É preciso sim identificar os grandes empresários e a oligarquia que financiaram e inspiraram o golpe militar e a repressão política. Os cúmplices civis dos governos militares, os apoiadores dentro e fora da mídia. Queremos sim sua punição! Mas de imediato deve-se identificar e punir aqueles que foram a sua guarda pretoriana, que cometeram crimes de sangue em favor do regime. Que perseguiram, trucidaram, executaram covardemente, ocultaram e destruíram corpos.

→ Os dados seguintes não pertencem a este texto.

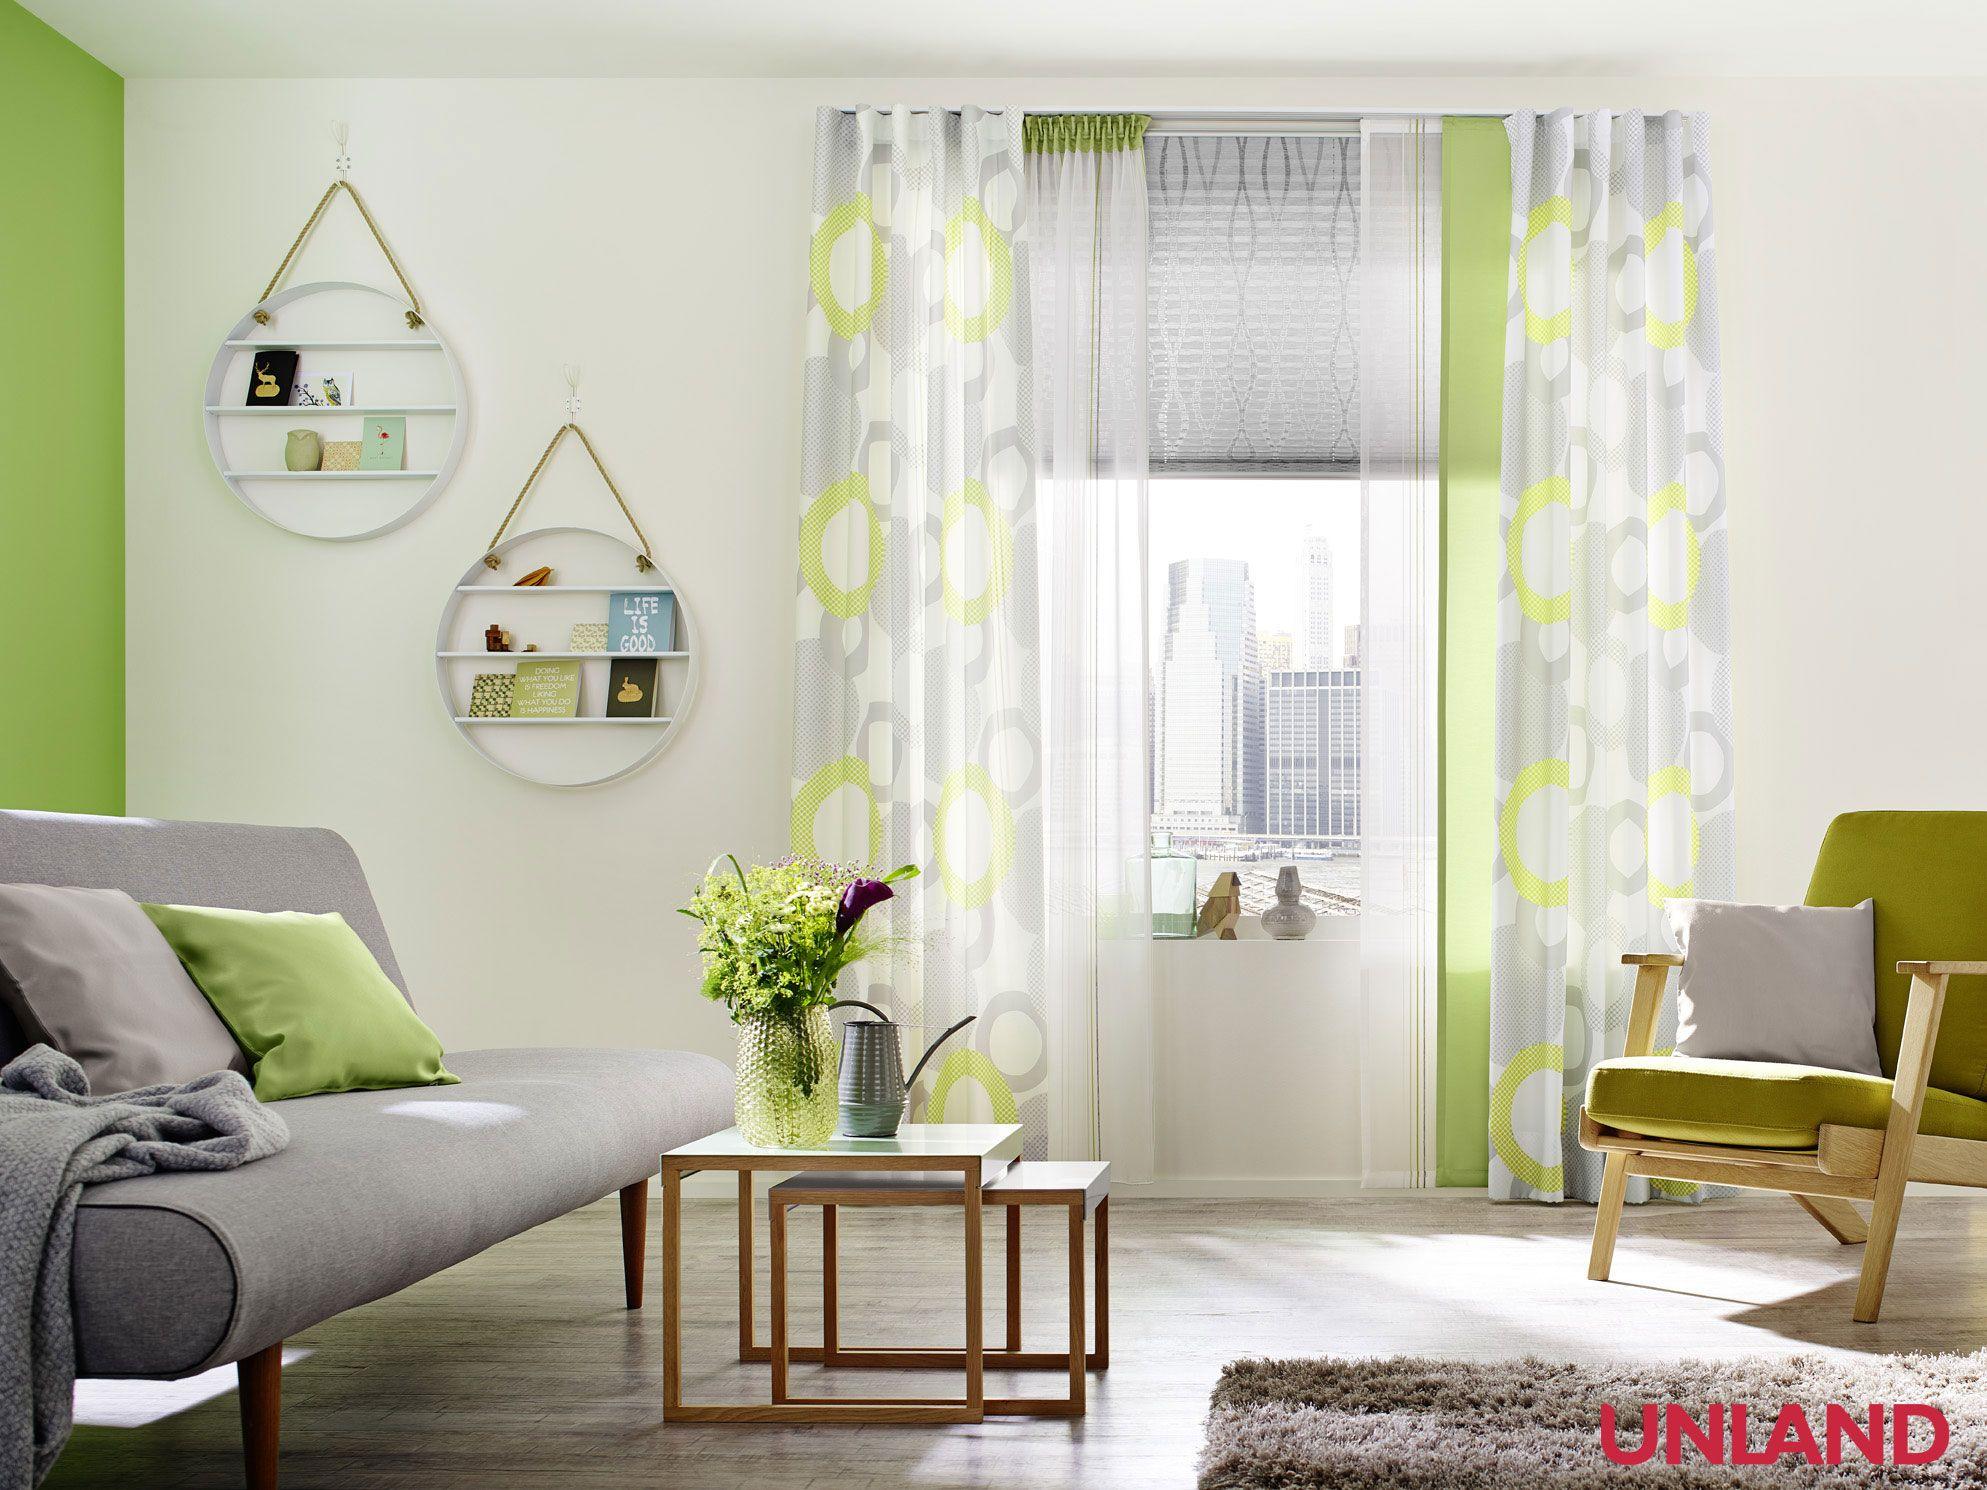 Unland Orbit Fensterideen Vorhang Gardinen Und Sonnenschutz

Enquanto não fizermos isso, enquanto a sociedade brasileira não acertar as contas com a Ditadura Militar, as Forças Armadas continuarão atuando contra a democracia. E, portanto, agindo em benefício das mesmas forças civis que apoiaram e estimularam o golpe. Para que as instituições militares deixem de ser um obstáculo à democracia em nosso país, é preciso que fique bem caracterizada a existência da Ditadura Militar no período 1964-1985. Porque as Forças Armadas precisam ser democratizadas: suas escolas, seus currículos de formação de oficiais, seus regimentos disciplinares. E para isso não pode haver qualquer dúvida a respeito do que ocorreu neste país: um regime militar, comandado por altos oficiais; um regime que contou sim com a cumplicidade do grande capital nacional e estrangeiro, e que o beneficiou; e que exatamente por esta razão vem sendo defendido pela mídia e por partidos de direita como DEM e PSDB.

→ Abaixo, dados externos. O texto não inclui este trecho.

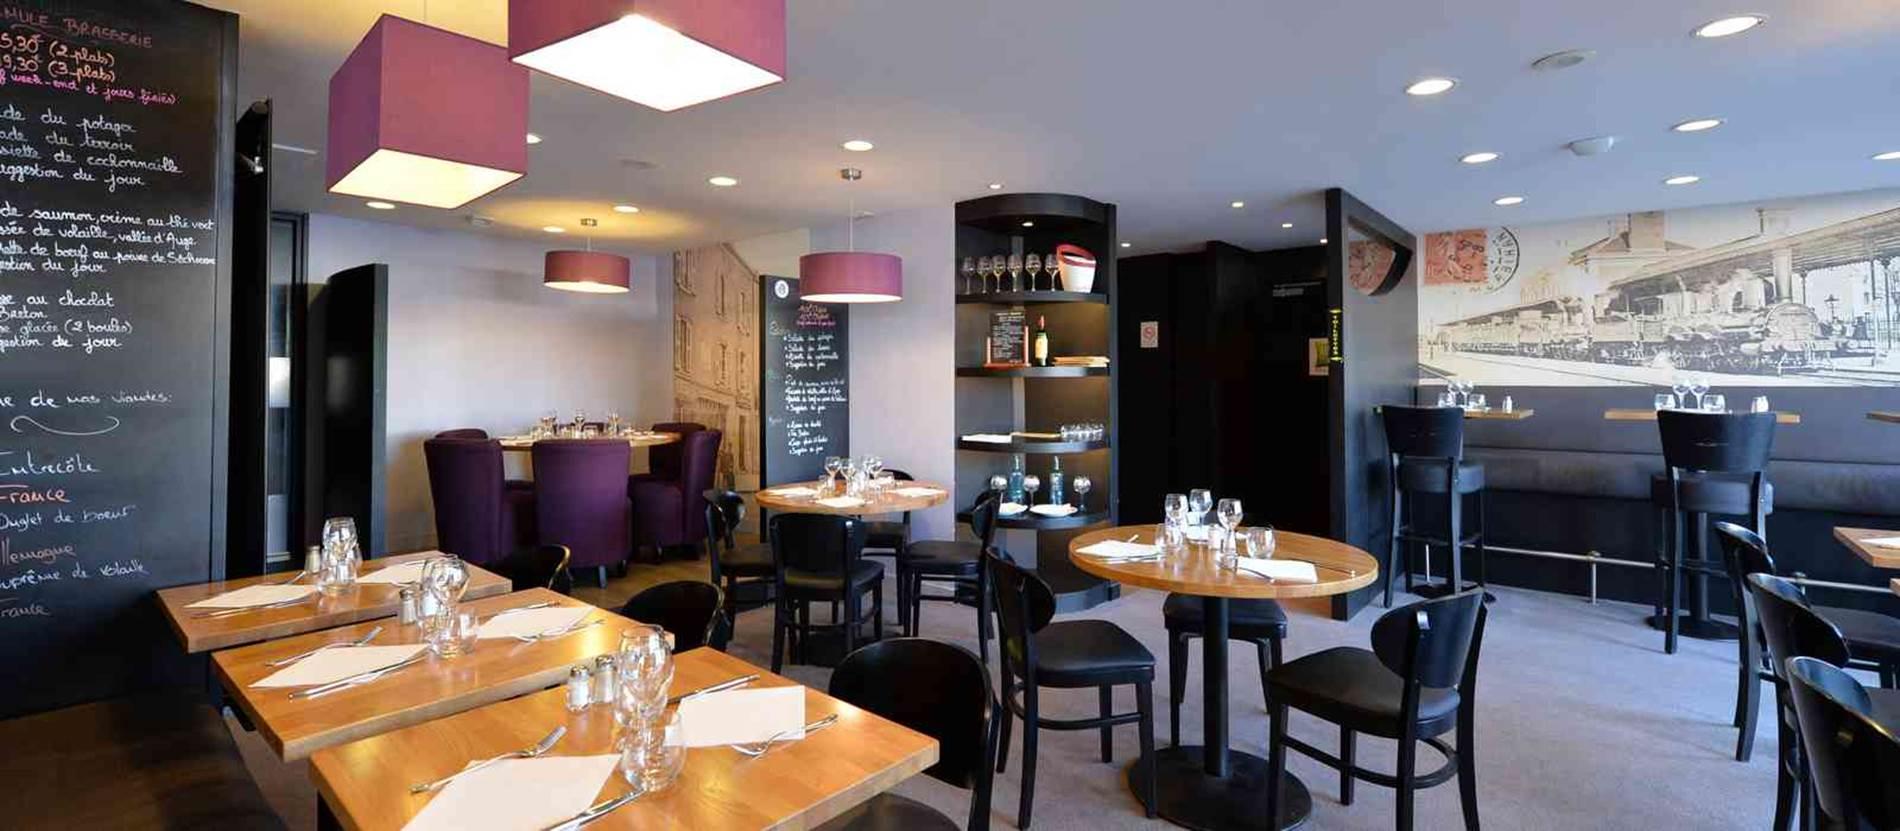 hotel-ibis-styles-vannes-restauration © hotel-ibis-styles

É claro que o golpe de março-abril de 1964 teve forte presença do grande capital e de outros setores civis e, neste sentido, pode ser denominado “cívico-militar”. Mas uma vez derrubado Jango e entronado Castello Branco, instaurou-se a Ditadura Militar. Ou seja, a partir de 1964 a forma assumida pelo domínio burguês foi precisamente um regime militar, uma ditadura castrense.

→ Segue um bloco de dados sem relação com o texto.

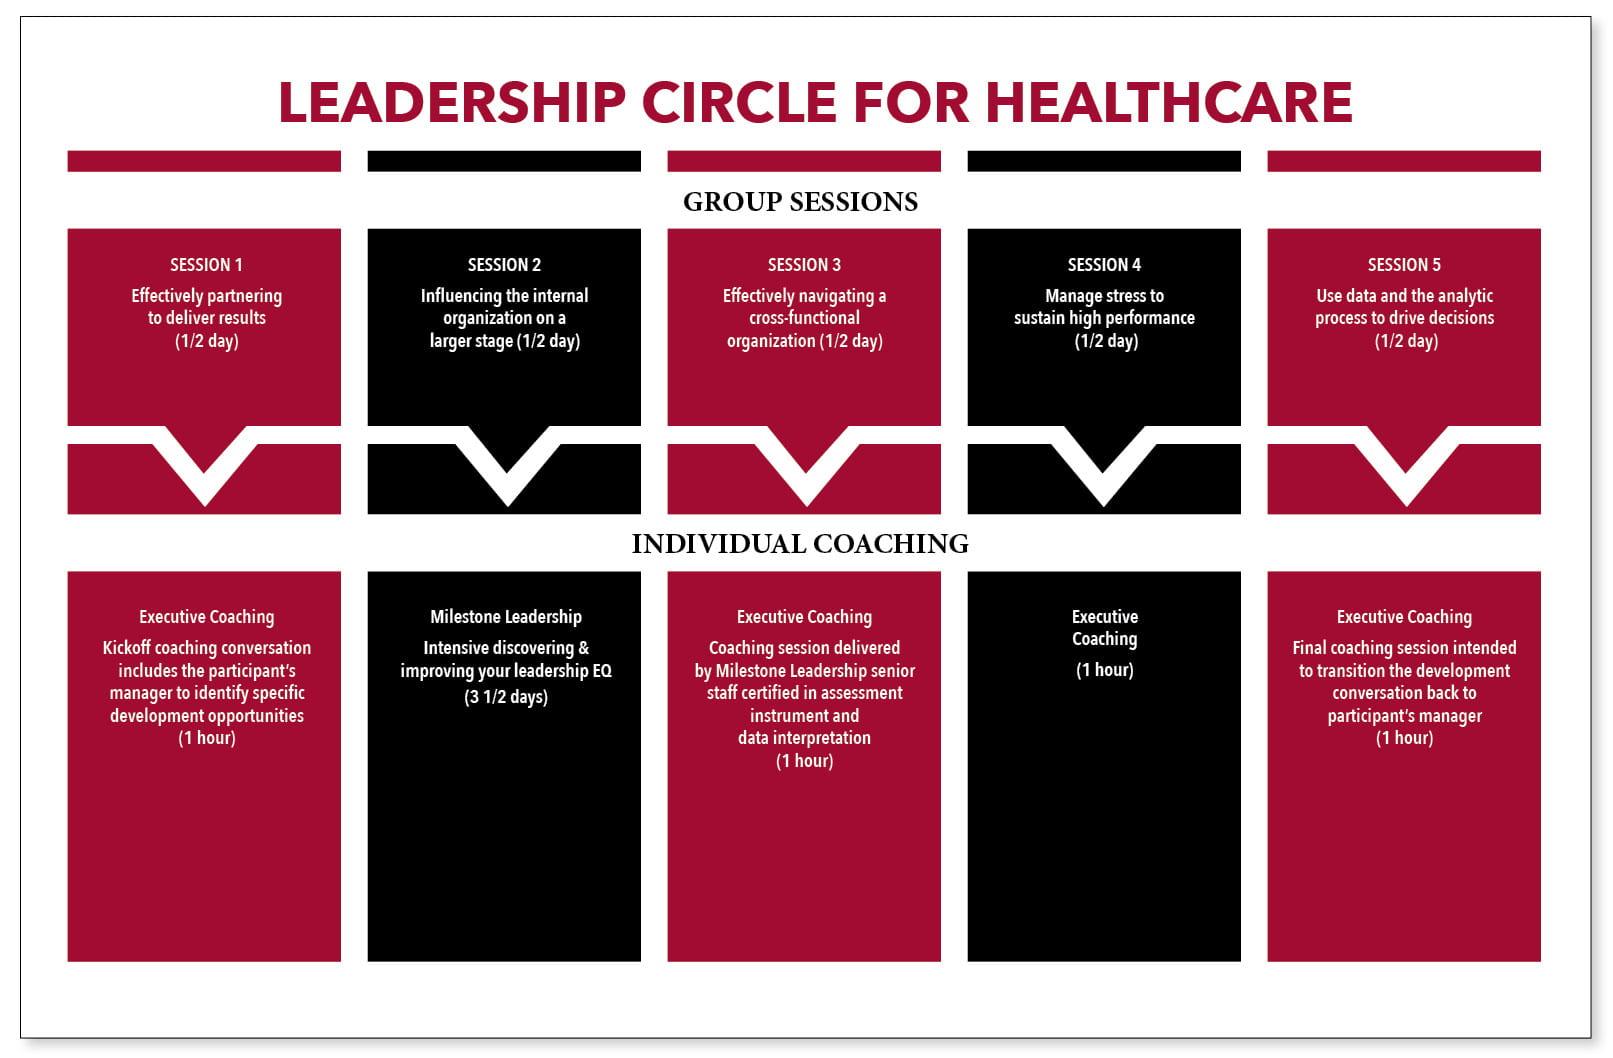 LeadershipCircleHealthcare_graphic

Ao falar-se em “Ditadura Civil-Militar”, com a finalidade de garantir que não seja esquecida a participação de civis no regime, termina-se por obter o efeito inverso, qual seja o de diminuir a responsabilidade dos militares, além de confundir a sociedade brasileira, já familiarizada com a expressão Ditadura Militar para designar esse terrível período da nossa história. “O termo civil também serve para designar o regime como autoritário, brando, negociado etc. Como se não fosse uma ditadura”, adverte o historiador Lincoln Secco.
Deveríamos, finalmente, render nossa homenagem à história das organizações e movimentos que combateram o regime: apesar de todas as diferenças que os separavam, não tinham a menor dúvida a respeito do que enfrentavam: uma Ditadura Militar.
Pedro Pomar é jornalista, editor da Revista Adusp e doutor em ciências da comunicação.